Condividi:
Nuovo episodio di violenza nel carcere di Asti, dove un detenuto si sarebbe reso protagonista dell’ennesima aggressione ai danni del personale di polizia penitenziaria, colpendo un ispettore e diversi agenti. A denunciare l’accaduto è il sindacato USPP, che chiede con forza l’immediato allontanamento dell’uomo dalla struttura.
Secondo quanto riferito dall’organizzazione sindacale, il detenuto non sarebbe nuovo a comportamenti violenti e, nel corso dell’episodio, avrebbe agito con particolare aggressività non solo contro gli operatori in divisa, ma anche nei confronti di un altro recluso.

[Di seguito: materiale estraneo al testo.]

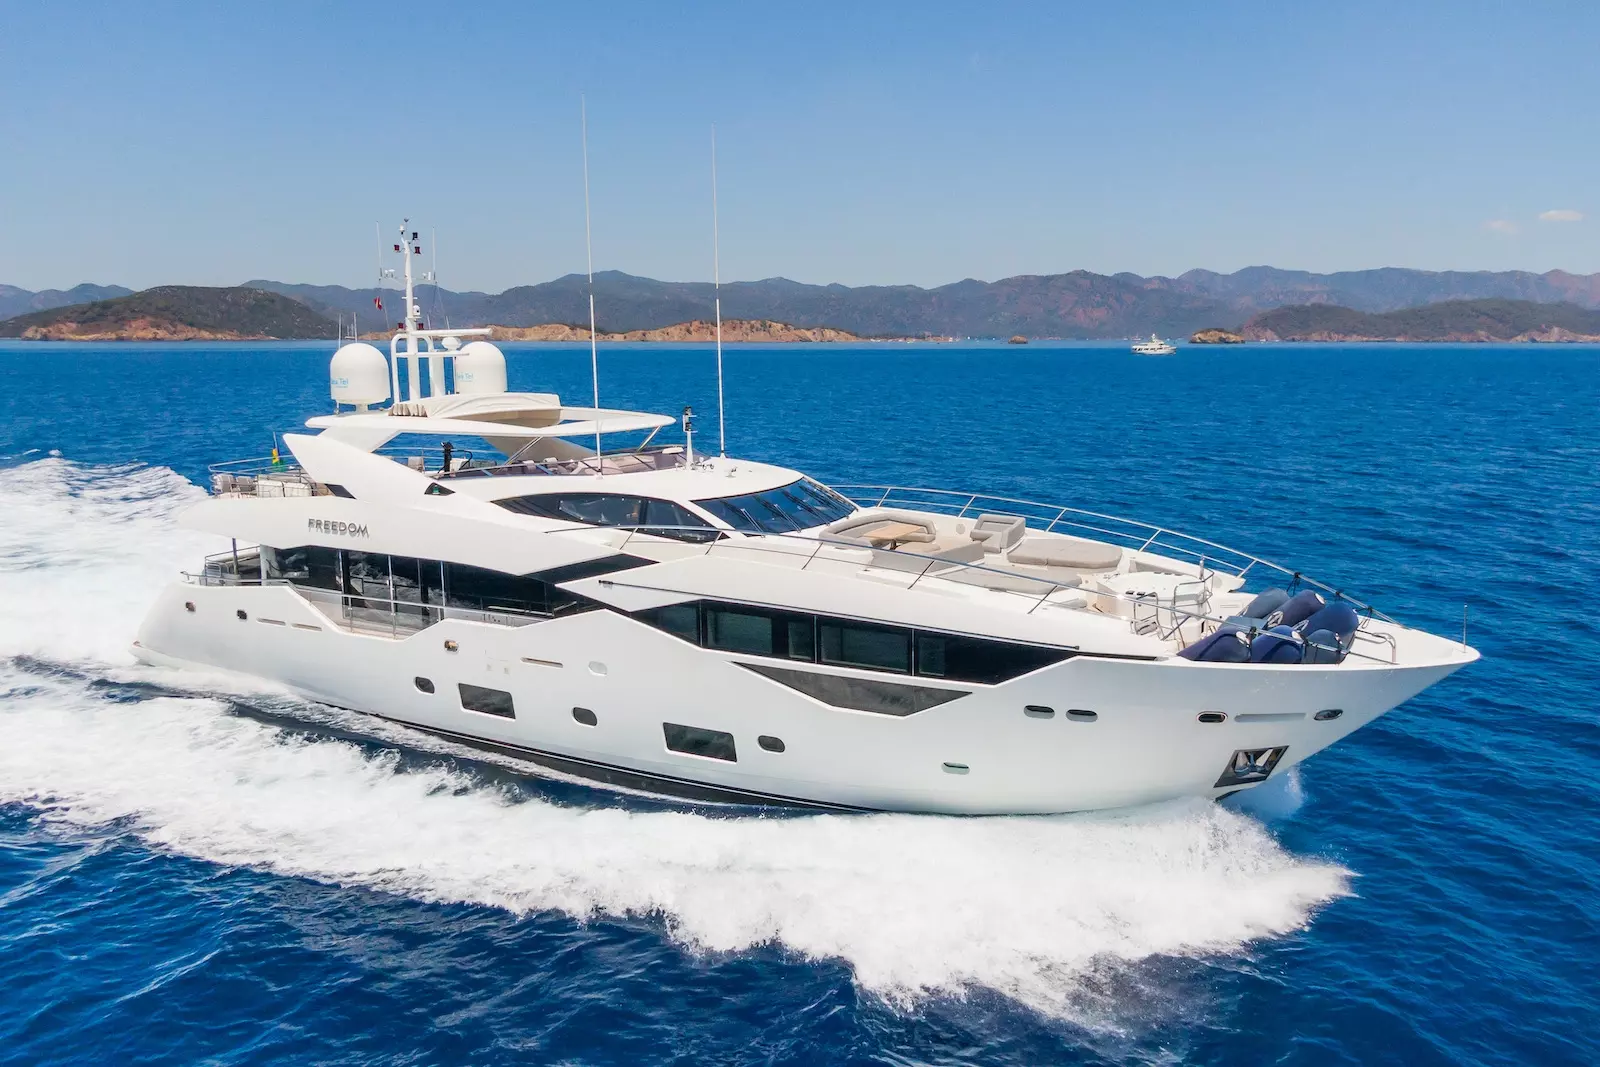 Freedom by Sunseeker - Special Offer for a private Superyacht Charter in Santorini with a crew
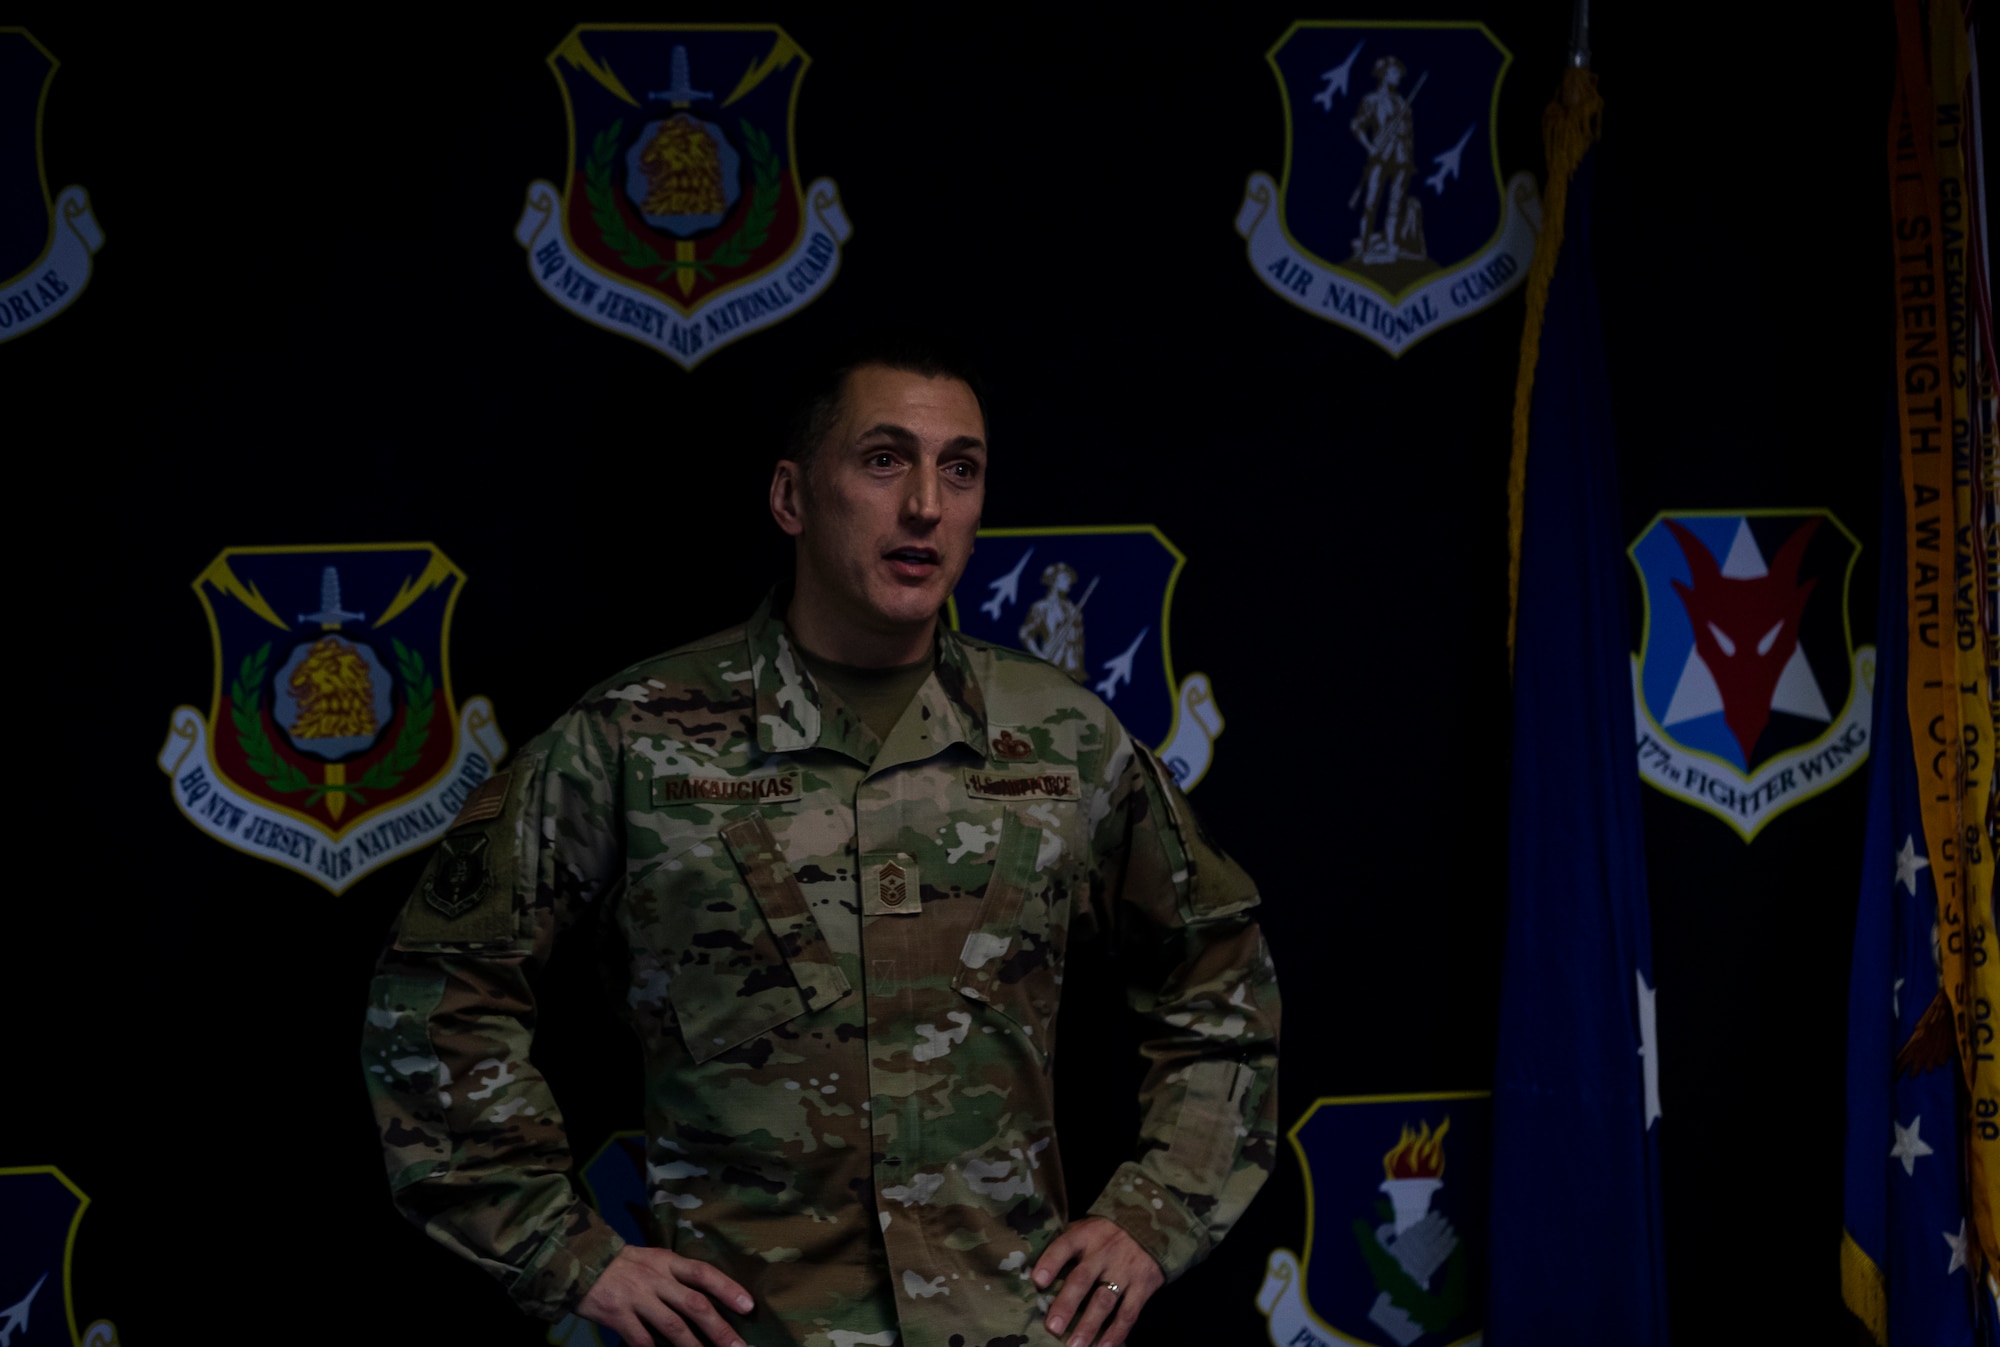 New Jersey State Command Chief Master Sgt. Michael Rakauckas speaks to nearly 100 Airmen during the 2021 NJANG Enlisted Summit from Joint Force Headquarter-Air, Joint Base McGuire-Dix-Lakehurst, N.J., Sept. 29, 2021.

Una condotta che, sottolinea l’USPP, evidenzierebbe una pericolosità ritenuta ormai non più gestibile all’interno dell’istituto penitenziario.
Il sindacato ha espresso solidarietà e vicinanza agli agenti rimasti feriti, denunciando una situazione definita sempre più critica per la sicurezza del personale. «Non si tratta più di casi isolati – evidenzia l’USPP – ma di una vera e propria emergenza che riguarda l’ordine e la sicurezza del carcere astigiano».
Alla luce dei fatti, l’organizzazione chiede agli uffici competenti di disporre con urgenza il trasferimento del detenuto in un altro istituto ritenuto più idoneo, per evitare il rischio di ulteriori episodi di violenza e possibili conseguenze più gravi. Contestualmente, viene sollecitata l’adozione di protocolli di sicurezza più stringenti per garantire condizioni di lavoro ritenute adeguate e tutelare l’incolumità degli operatori.